First, we depict the average end-to-end video frame delay in Fig. 9. We can see from Fig. 9 that EDPF achieves lower average delay than LTBA, D-EMS and S-EMS because it always dispatches the data packets onto the path with minimal estimated end-to-end delay. However, as the loss rate is not taken into account in EDPF, the allocated FEC data packets may encounter severe channel losses during the transmission. Figure 10 shows the percentage of received video frames that miss their deadlines. Although EDPF gains better delay performance, it is not able to effectively deal with the loss rate and thereby results in more FEC data packets encounter channel loss. In general, LTBA guarantees more video frames delivery within their deadlines than the reference schemes because it can allocates the packets with regard to the delay constraint while still taking into account the loss property of each wireless channel. The results indicate the ‘loss-free’ bandwidth is a more reasonable metric in the FEC packets allocation than just only the loss, delay or available bandwidth.

Fig. 9
figure 9

Average end-to-end video frame delay under different FEC redundancy settings

Fig. 10
figure 10

Ratio of video frames past the decoding deadline of 200 ms

5.2.3 Aggregate Loss Rate

Figure 11 shows the noisy and smoothed data of mean aggregate loss rate for all the compared schemes. Figure 11b illustrates that LTBA significantly outperforms D-EMS, S-EMS and EDPF in reducing the aggregate loss rate. This verifies our theoretical inductions in Sect. 4.2. The improvements of LTBA can be attributed for : (1) LTBA assigns less transmission rates to the wireless networks with higher loss rates, and (2) LTBA spreads out the packets’ departure so that the risk of consecutive packet loss can be minimized.
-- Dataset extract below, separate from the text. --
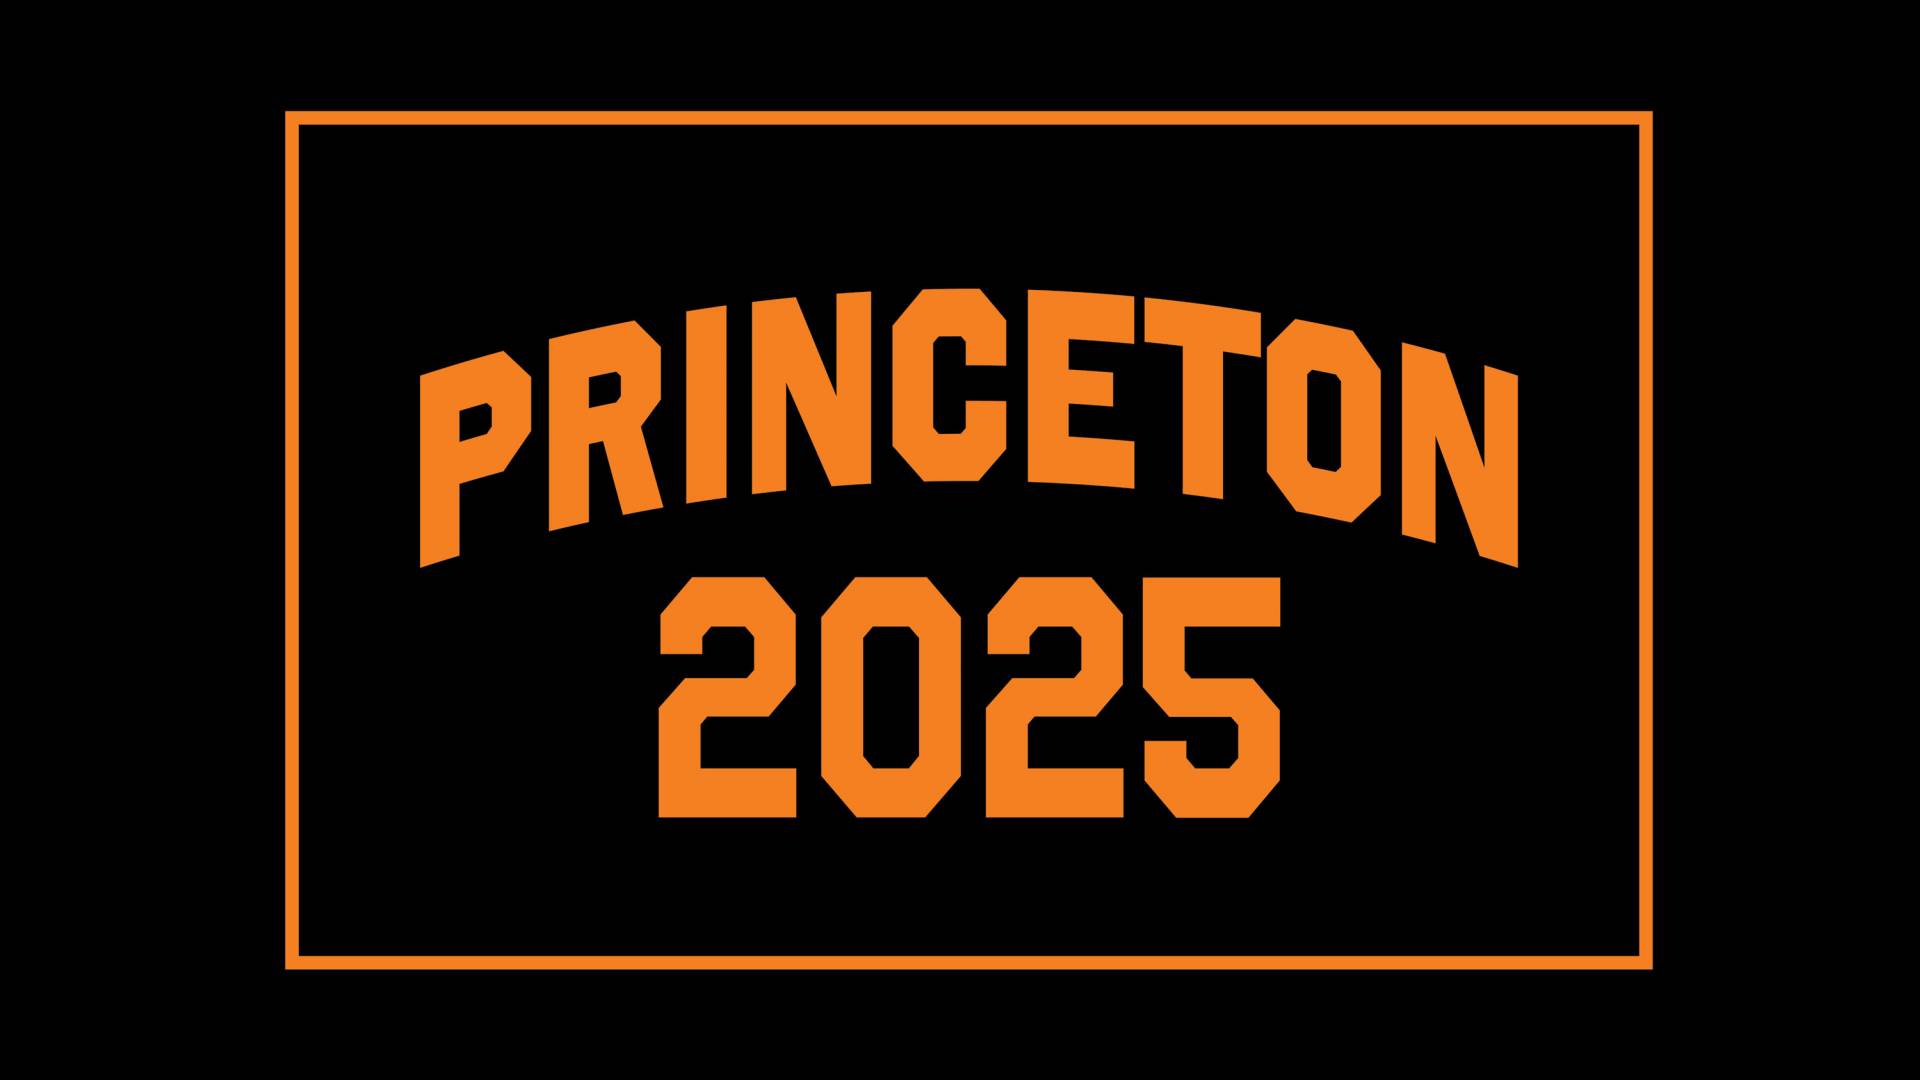 Princeton 2025

EMS achieves better performance than EDPF as it dynamically splits the traffic load based on the loss rate of each wireless network, allocating less FEC data packets to the loss-prone channel. Note that during the intervals of \([55,70]\) and \([75,85]\) s the proposed LTBA achieves significantly lower aggregate loss rate than the reference schemes. This indicates that LTBA exhibits superiority in handling highly lossy channels effectively.

Fig. 11
figure 11

The mean value of aggregate loss rate for all the compared schemes: a noisy data, and b smoothed data

6 Conclusion and Discussion

In this paper, we have presented a novel Loss Tolerant Bandwidth Aggregation (LTBA) approach. Instead of reactively increasing the FEC redundancy, the proposed LTBA leverages the channel diversity to overcome the burst loss in heterogeneous wireless networks. In the future, we shall consider: (1) introduce dynamic FEC redundancy adaption into LTBA based on the loss rate of wireless networks, and (2) employ the video source rate adaption to handle the case in which the aggregate bandwidth of all wireless networks is insufficient compared to the video streaming rate.